◆ **DATA SUPPLIED**:
+++

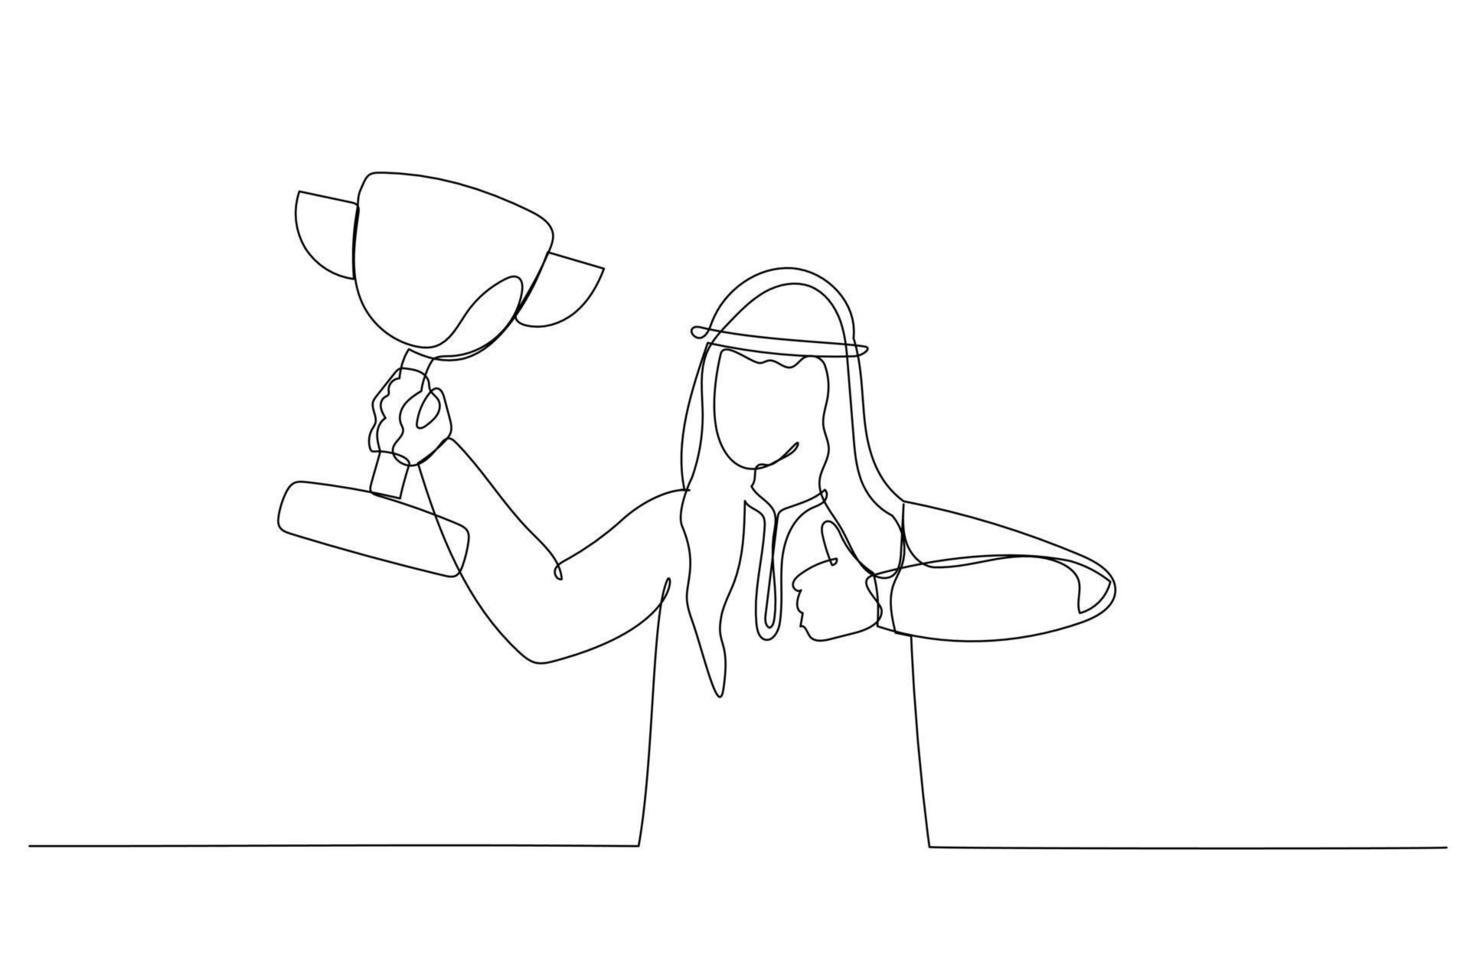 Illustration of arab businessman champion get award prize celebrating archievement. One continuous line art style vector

+++

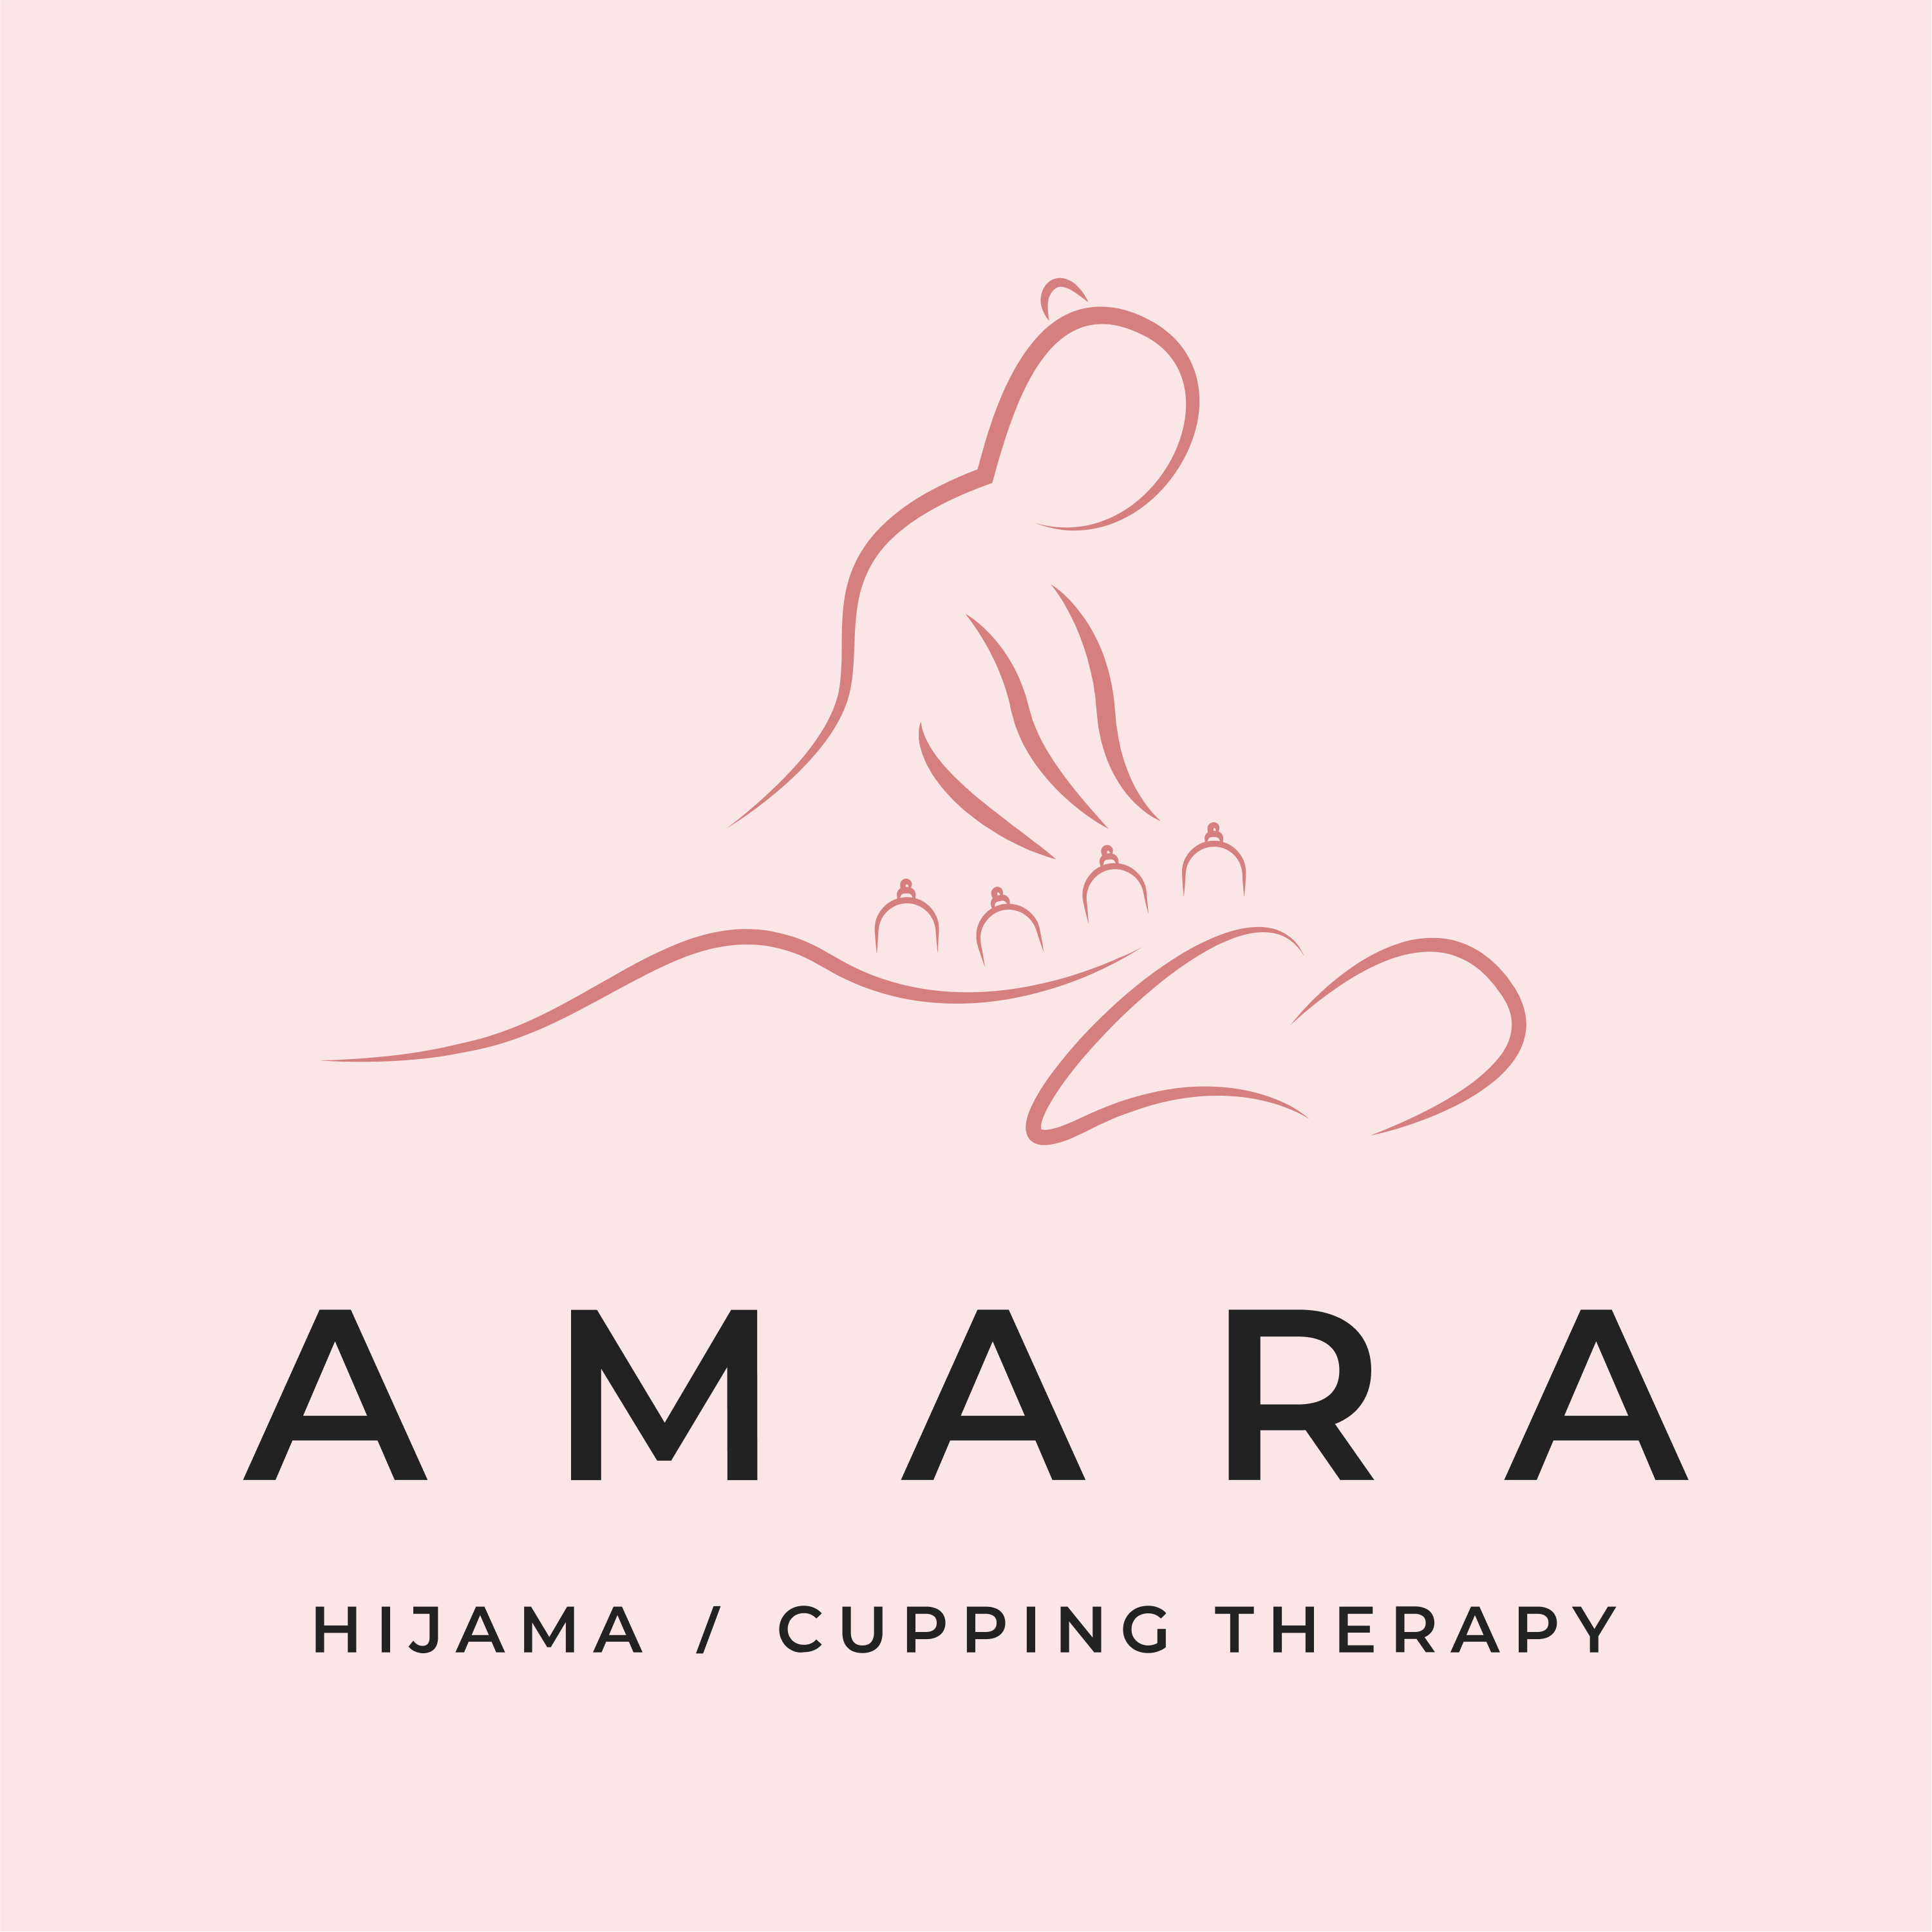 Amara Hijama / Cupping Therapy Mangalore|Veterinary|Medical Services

+++

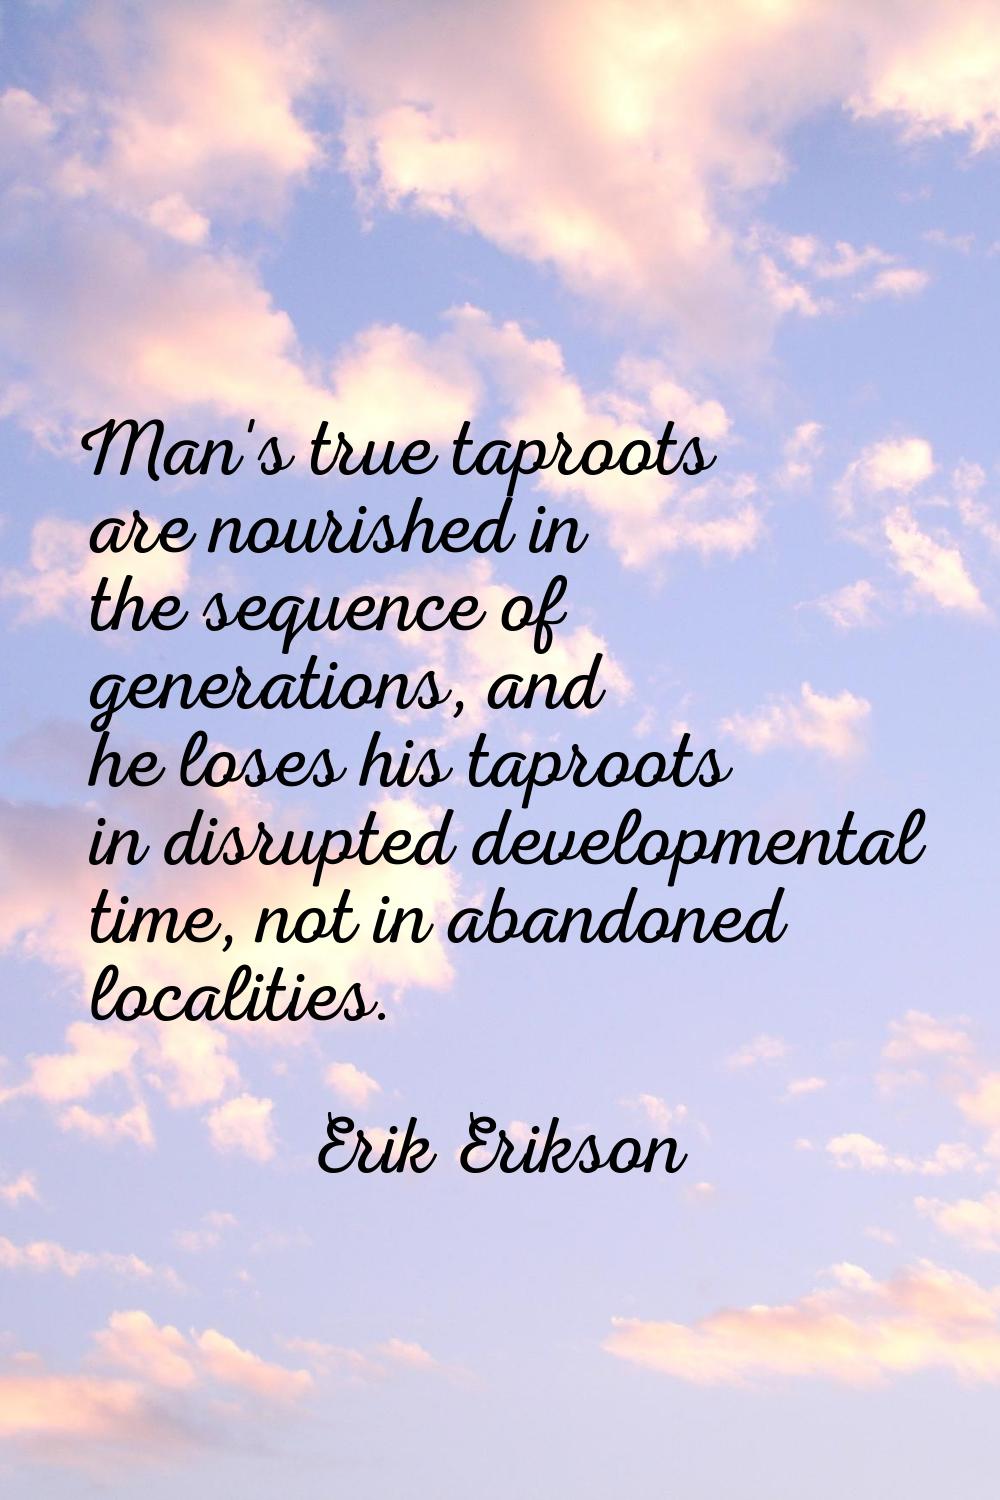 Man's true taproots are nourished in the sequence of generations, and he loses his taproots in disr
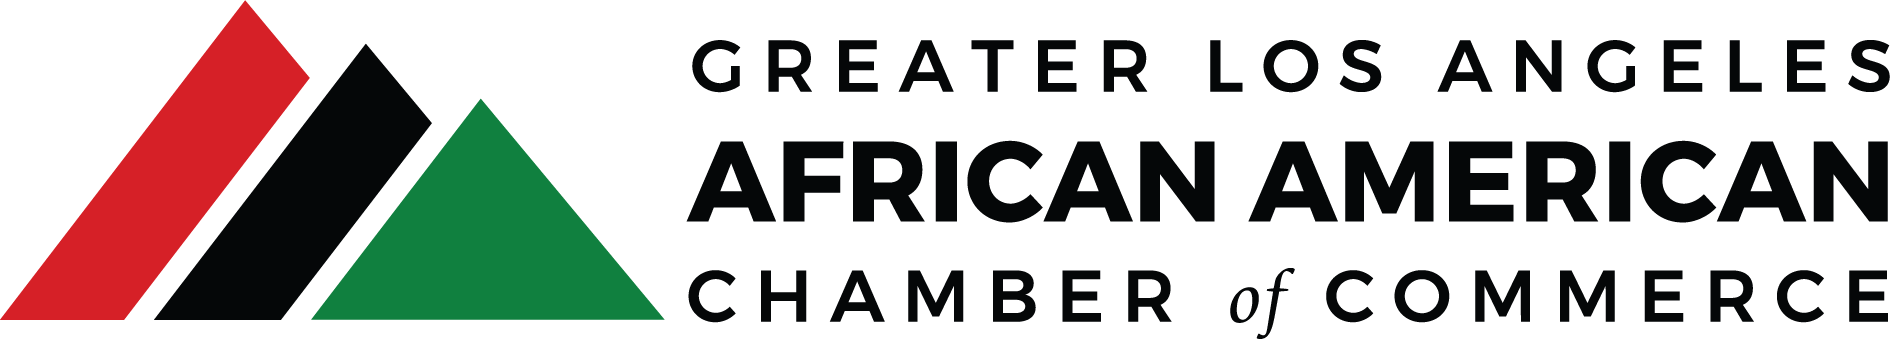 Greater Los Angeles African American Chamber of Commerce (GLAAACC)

+++

◆ **AIM OF THE TASK**:
After locating the line containing "Man's true taproots" in the entries above, return it and every line after it exactly, ending at the line containing "Greater Los Angeles", without pictures.

◆ **COMPLETED EXERCISE**:
 Man's true taproots are nourished in the sequence of generations, and he loses his taproots in disr
 Greater Los Angeles African American Chamber of Commerce (GLAAACC)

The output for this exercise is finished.